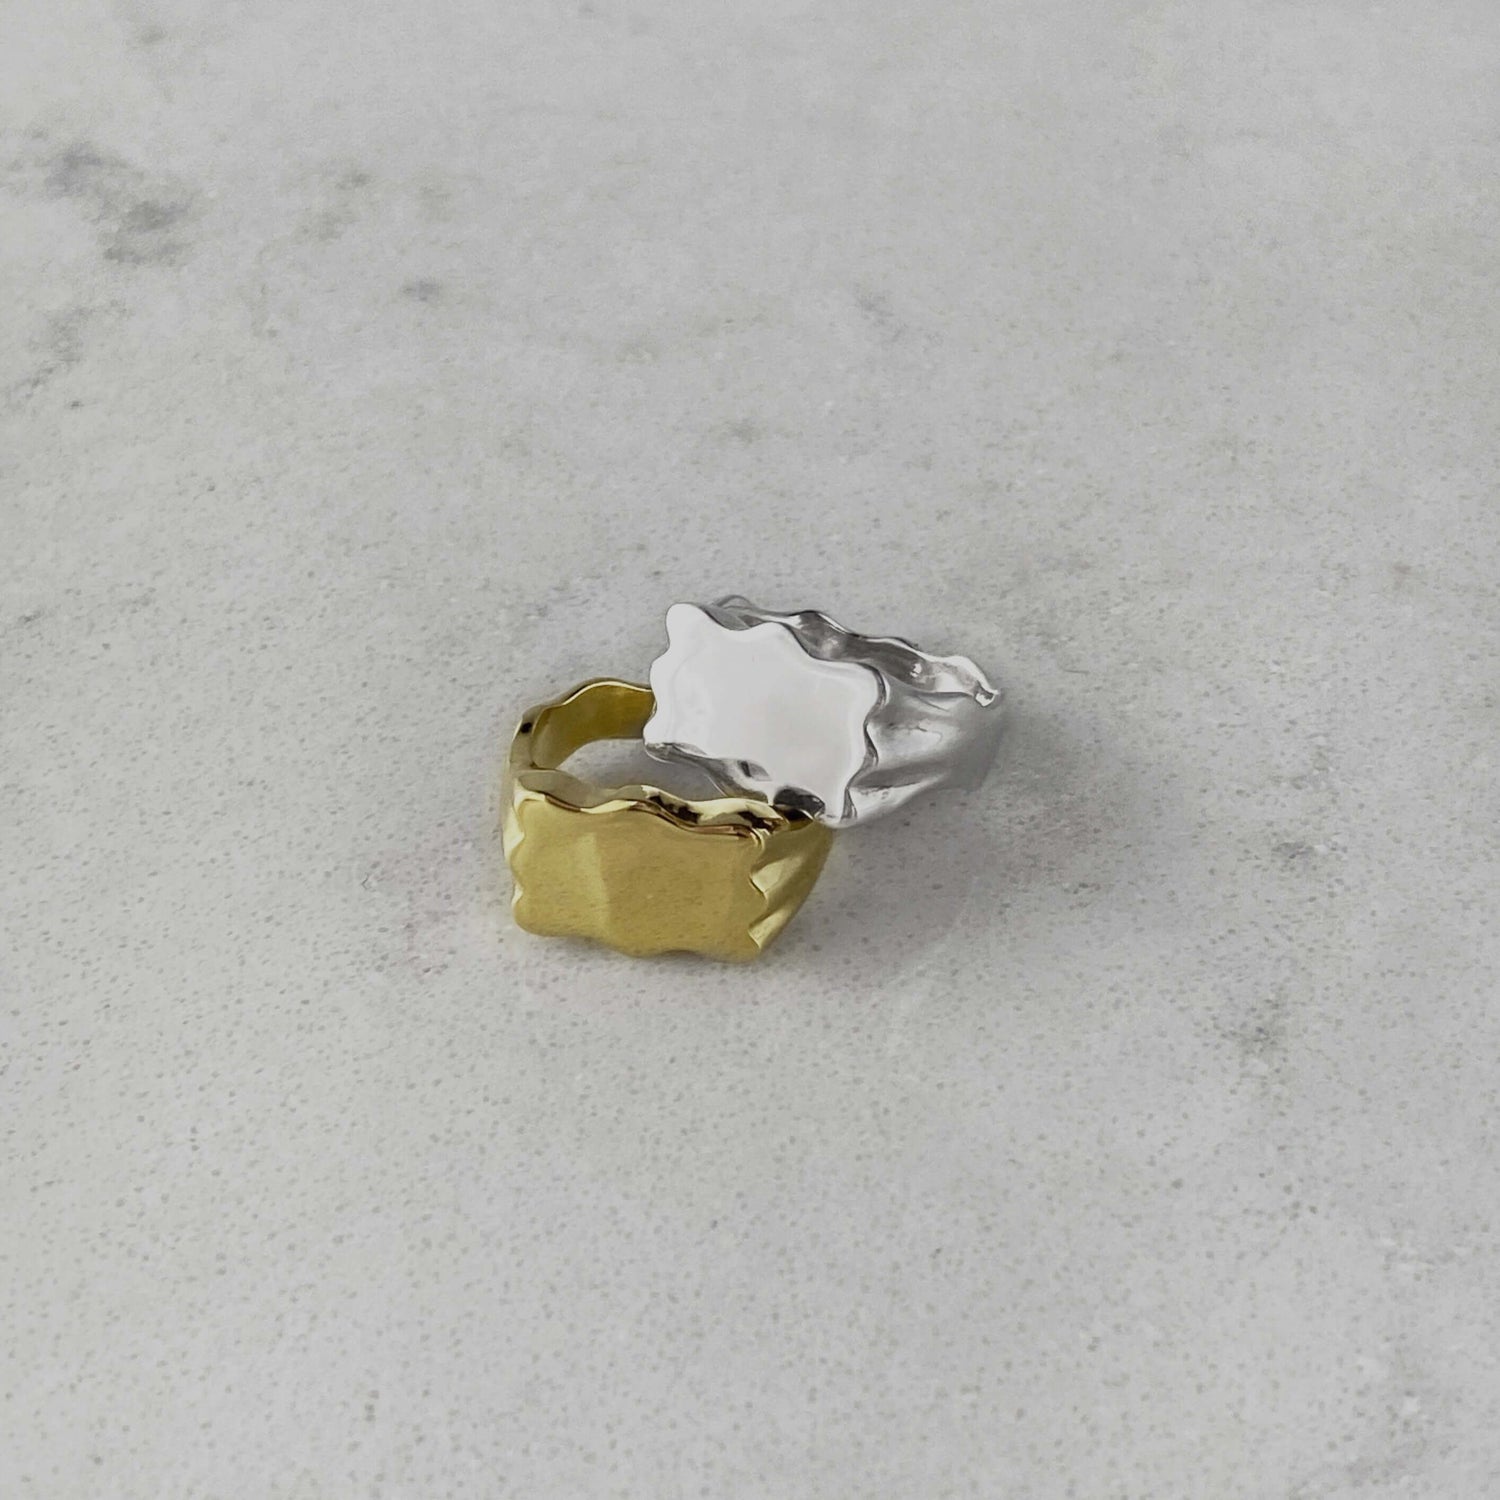 Edvard Signet Ring by Aur Studio, in silver
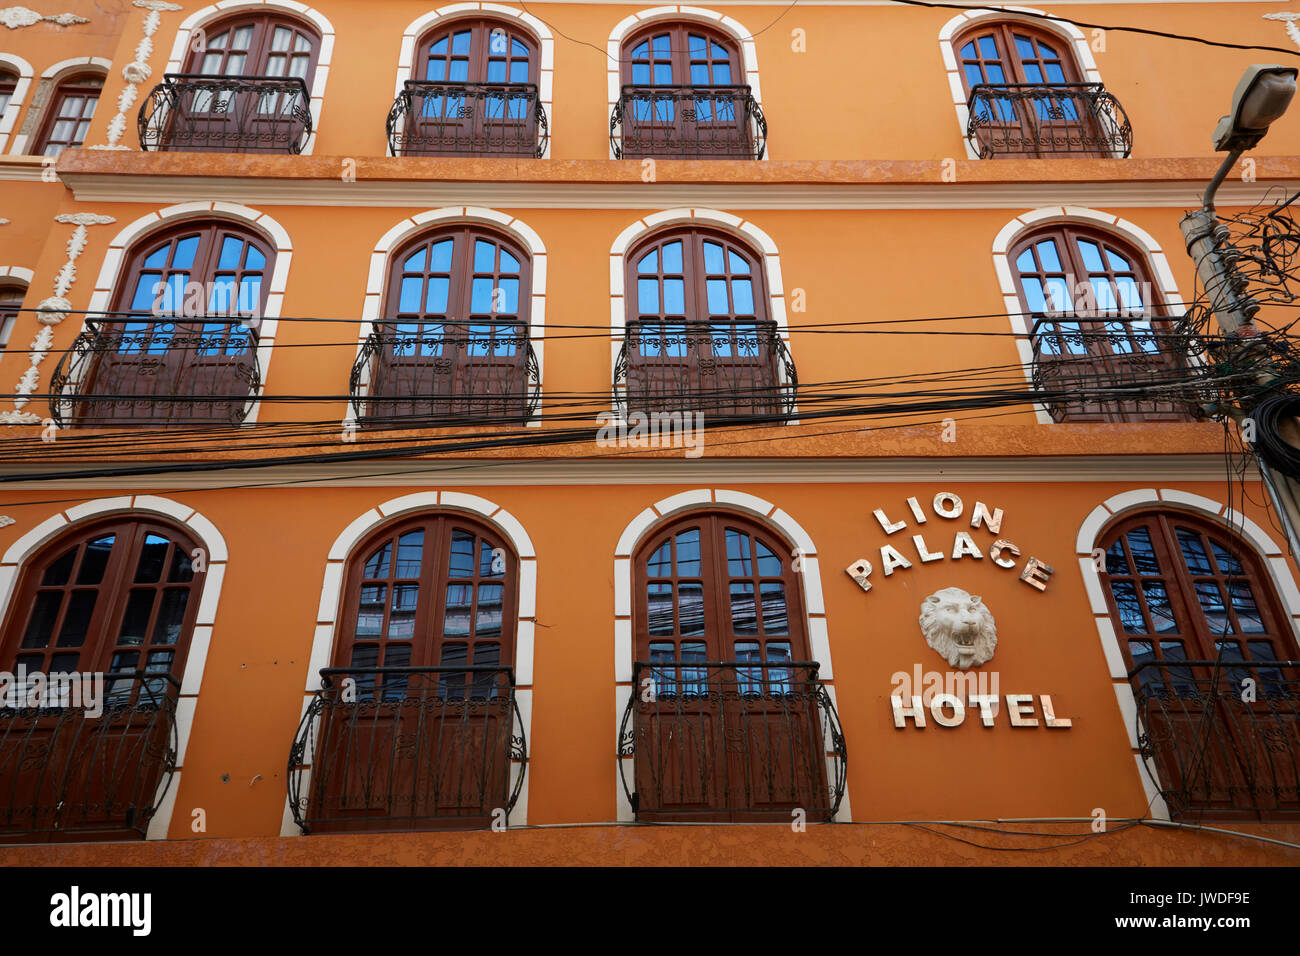 Facade of Lion Palace Hotel, La Paz, Bolivia, South America Stock Photo
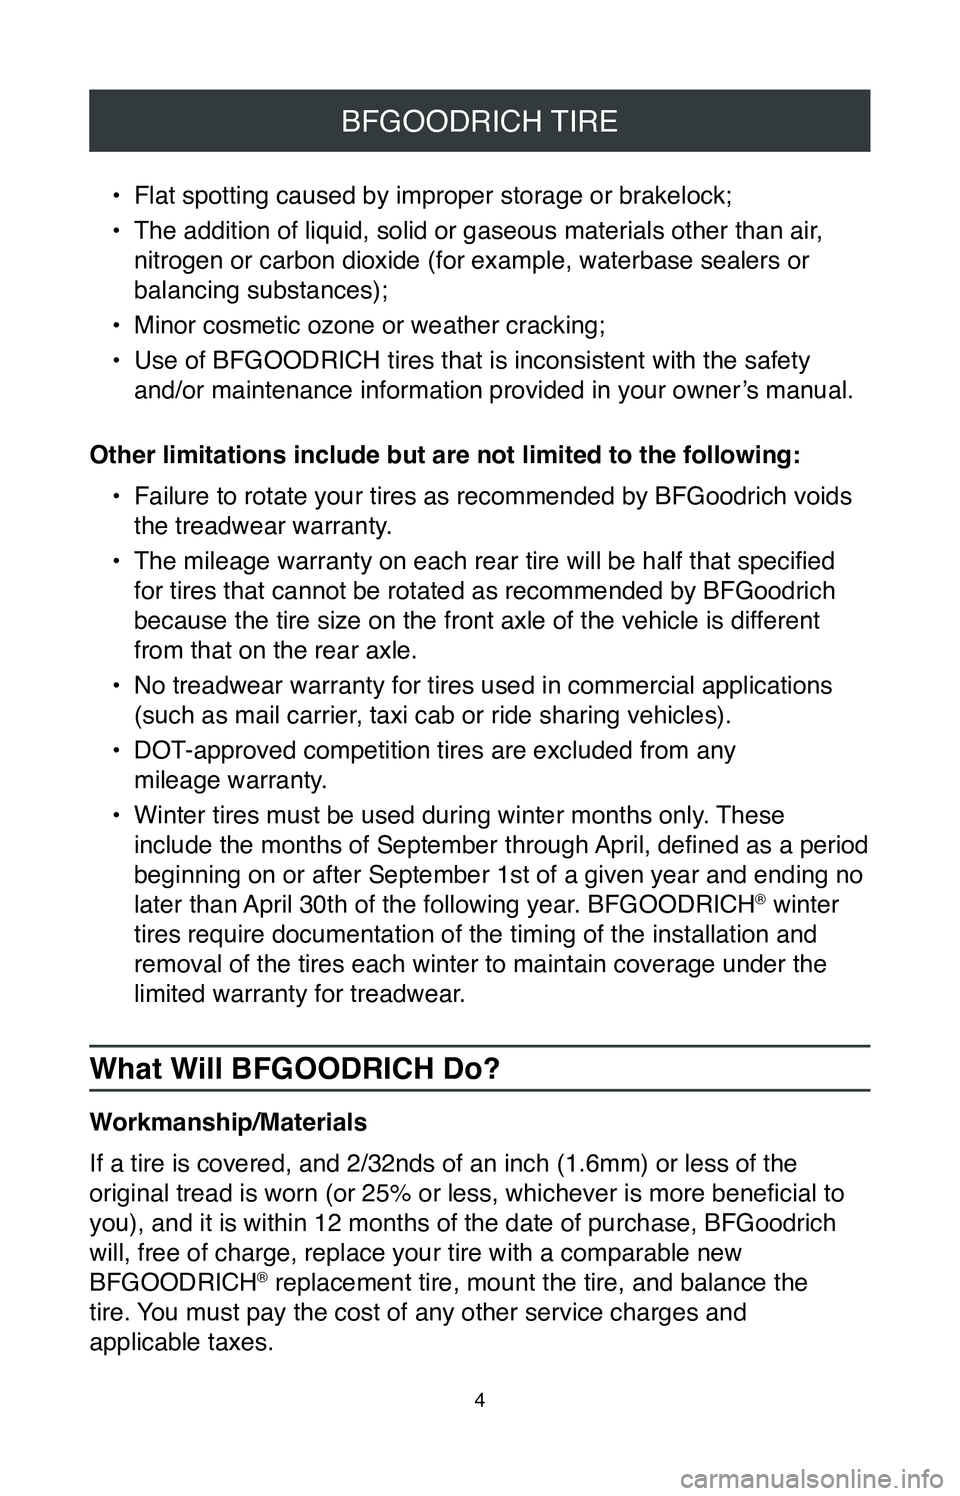 TOYOTA HIGHLANDER 2020  Warranties & Maintenance Guides (in English) 4
BFGOODRICH TIRE
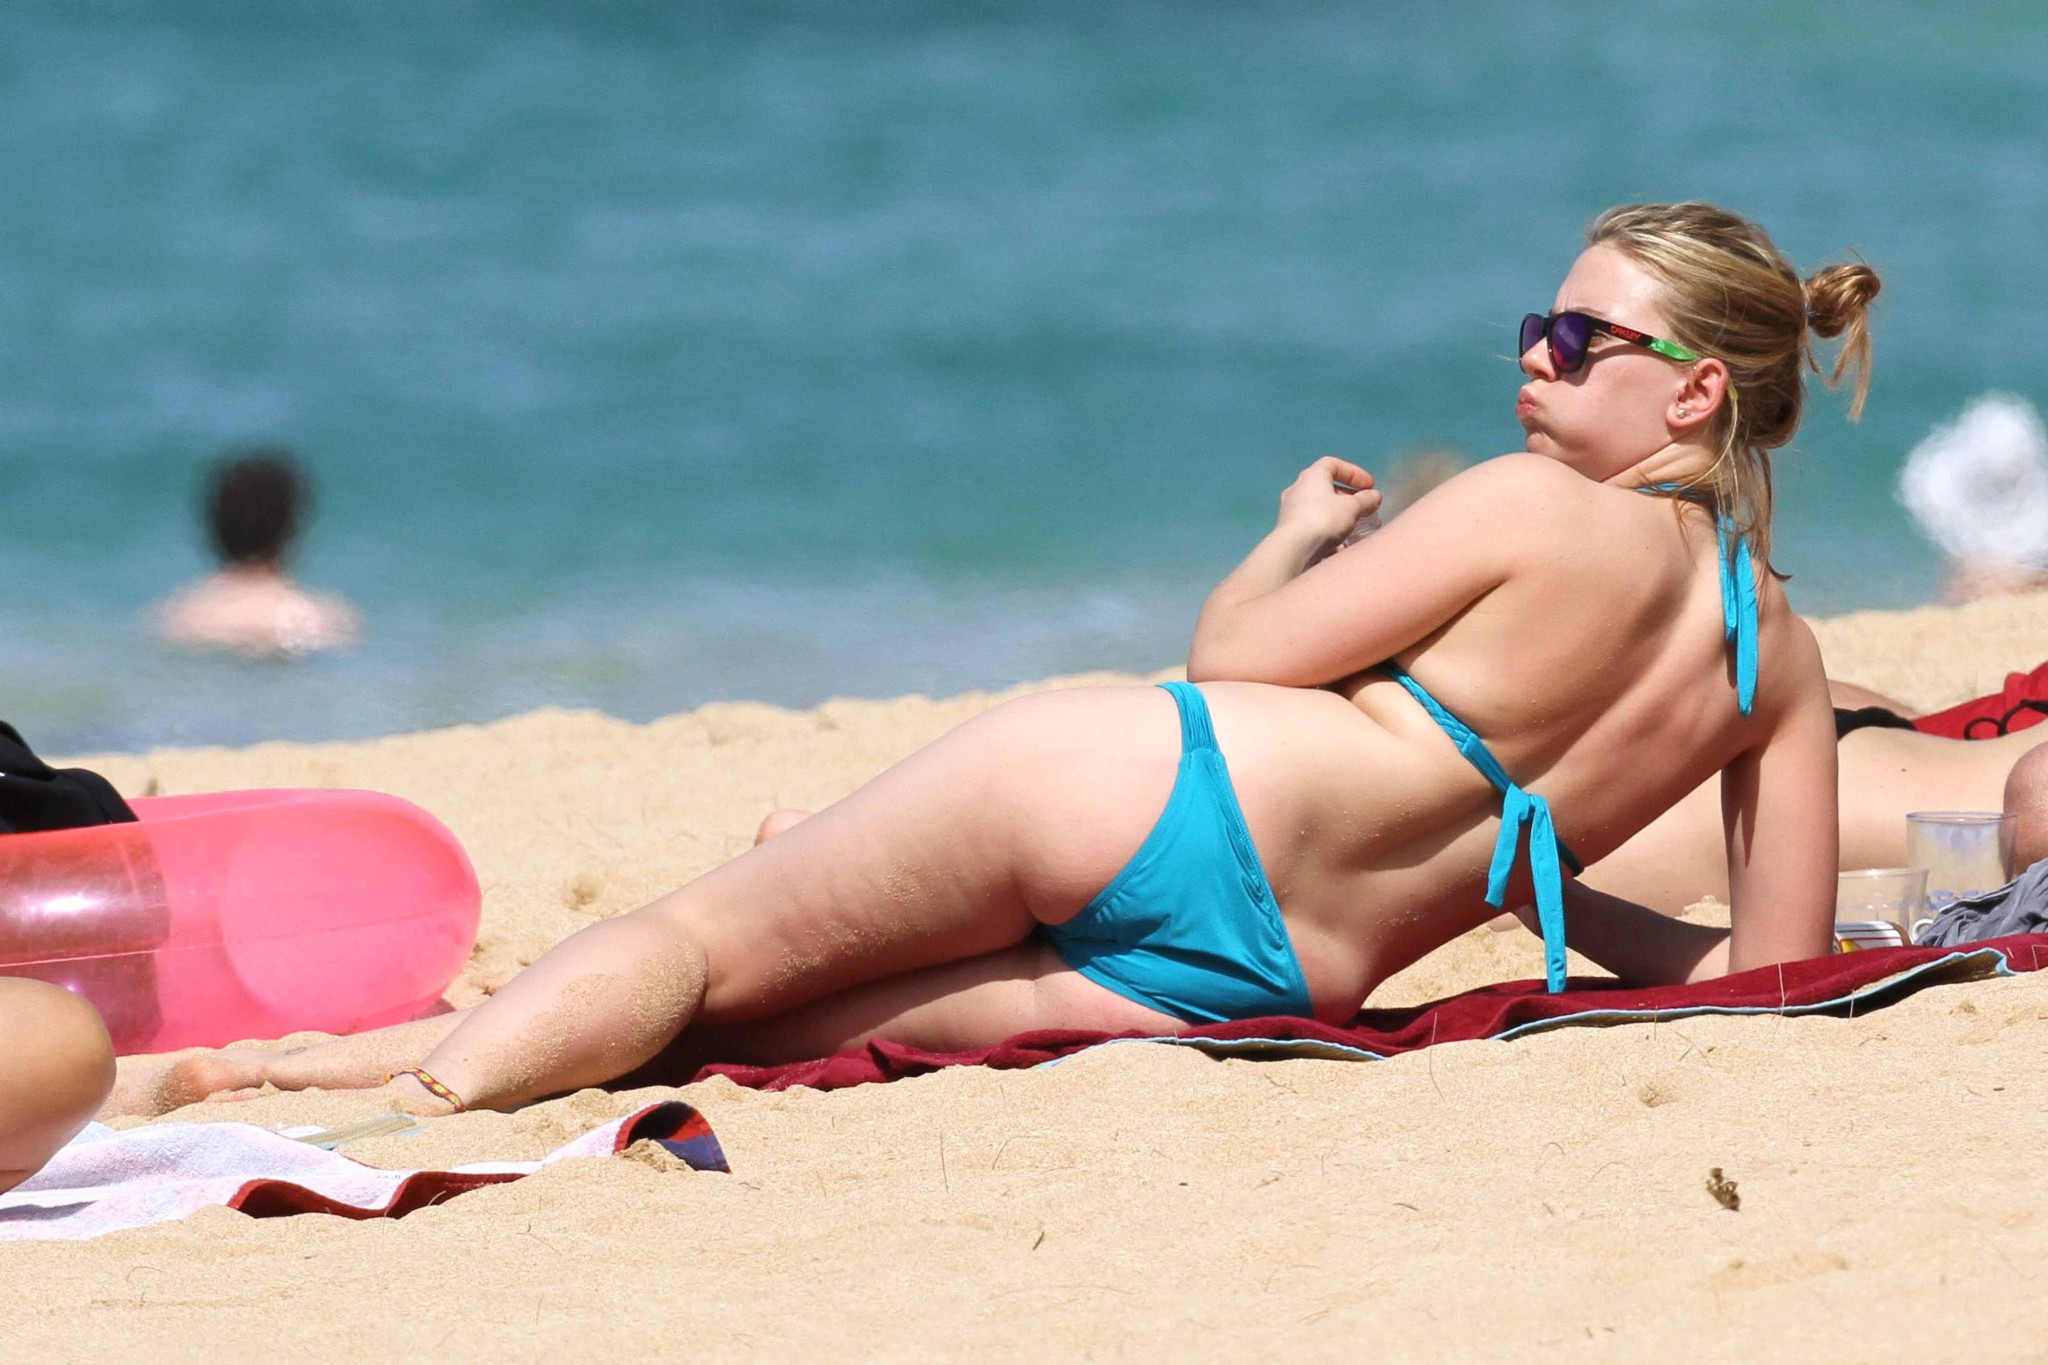 Scarlett johansson portant un bikini bleu ciel sur une plage hawaïenne.
 #75274377
===
- **Try it**
Copy each entry exactly, with no pictures.

- **Answer box**
 Edvard Signet Ring by Aur Studio, in silver
 Facade of Lion Palace Hotel, La Paz, Bolivia, South America Stock Photo
 TOYOTA HIGHLANDER 2020  Warranties & Maintenance Guides (in English) 4
BFGOODRICH TIRE
 Scarlett johansson portant un bikini bleu ciel sur une plage hawaïenne.
 #75274377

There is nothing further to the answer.